Yvette Cantu was a large part of the Prop 8 agenda in California banning same sex marriage. That law passed, preventing the recognition of same sex marriage.
Youths in these conversion therapy church groups established because of Michael Bussee were committing suicide and self mutilation. Incomprehensible acts of self hate.
And the most ridiculous human, John Paulk, who preened and pretended all over television in the 80’s showing off his hetero marriage cannot get enough of himself as he is now quaffed and dyed and tanned judging the whole conversion circus but now is compelled to be honest for a camera and interview so he can apologize?
When I tell you this makes me seethe with rage and disgust .. what have these people done to actively change laws and lives? Yvette has now realized she must be bisexual as she is still in a marriage to a man. Excuse me while I don’t give a shit, but what have you done to make up for your work passing a law preventing the recognition of same sex marriage in the third largest state in the country?
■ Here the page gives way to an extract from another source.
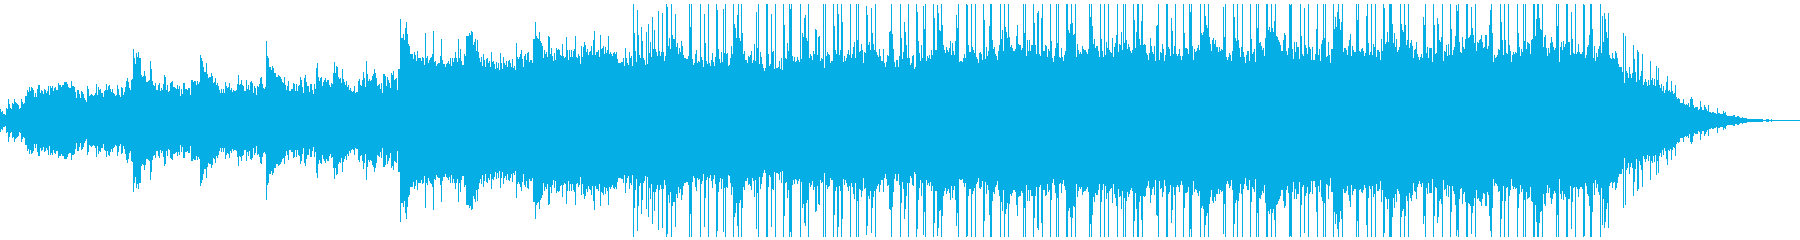 twilightの再生済みの波形

But you’re sorry … oh, nevermind then.
Michael Bussee is 1/5 responsible for the network of church organizations who played with the souls and lives of children and young adults fearing they would never be worthy of heaven, let alone an earthbound respect or love. But he’s now helping support groups believe the truth … OOOohhh, okay then… nevermind. We’re good.
I’m glad that these people are sorry. It’s great that they’ve managed to eek out some growth and perspective at the cost of thousands of lives, and the trauma of thousands more. How about you take that sorrow and let it fuel your fight to be just as visible and loud and consistently obnoxious about the ACCEPTANCE of the LGBTQ+ community? How about you turn it all into something equally big and polarizing instead of participating in only the projects that get to make you continue feeling good about your “work”?
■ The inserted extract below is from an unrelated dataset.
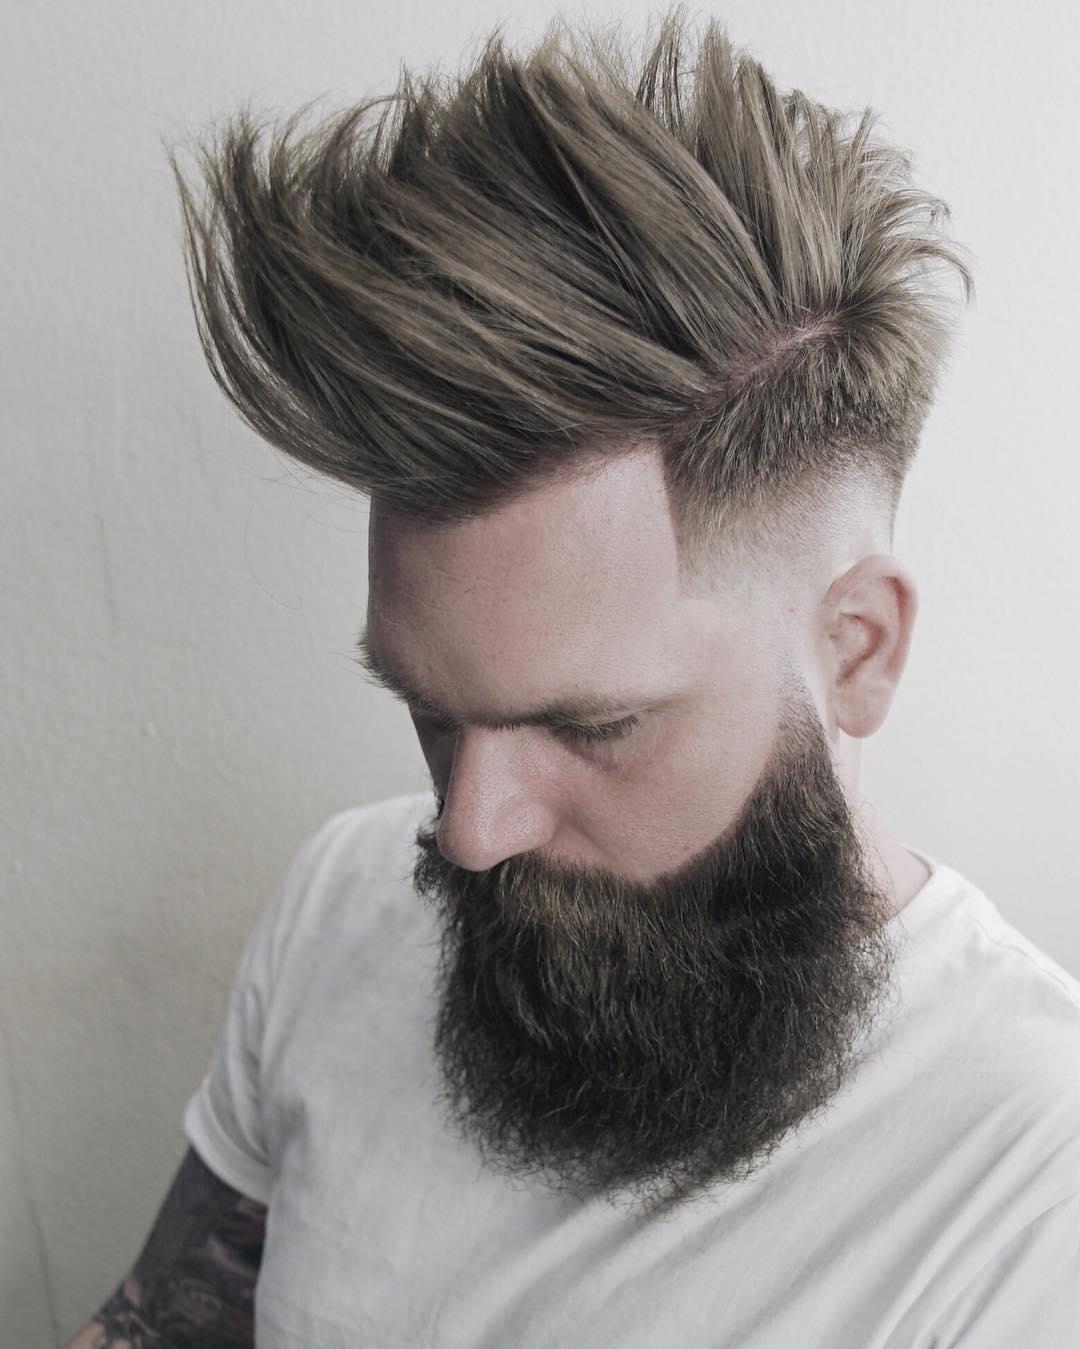 staygold31 fauxhawk medium length haircuts 2018

I have a revolutionary idea. How about this: When you decide to have children, commit to raising someone who can be the best version of themself as possible, not the best version of yourself. We each have our own life to live, our own struggles and gifts. Each individual person is just that. Individual. When you are bringing up a child, it’s not about you, the parent. It’s about them, the person. The individual. It’s not my son’s job to fulfill all of the things in this world I did not do. Do I wish my children exist beyond me? Yes! Do I hope they surpass my own opinions and education and life experiences? Yes! Do I hope some of the experiences my kids have are the same things I did? Sure! But it’s not mandatory.
The point of humanity is to learn from each other. Respect each other. Appreciate what individuals bring to an encounter. If I wanted to hang out and chat with my friends because I get mirrored all of the sameness that exists in me, how boring is that? What would be the point? What am I learning from that interaction? I want to hear about their experiences, their views. Do we differ on things? YES! That’s what makes it interesting, frustrating, endearing, entertaining, supportive.
Stop insisting others live the same as you. This goes for everyone. Gay, straight, bi, Black, Asian, Indian, Native American, Norwegian. Teachers, Doctors, Preachers, Stay at Home Moms, Lawers, Deaf, Hard of Hearing, Blind, Paraplegic. Why is it so hard to acknowledge different experiences and give them value? Who do you want to raise? A respectful, intelligent, logical human with integrity, or someone who insists on hate and dominance? And what gives an individual the right to preach one agenda based on their own interpretation of a millinias old writing that has been translated countless times? Who is to say that they alone have the keys to Heaven?
Stop giving value to only those who think and look like you. There’s a reason evolution is how we managed to get where we are. Let’s not stop now.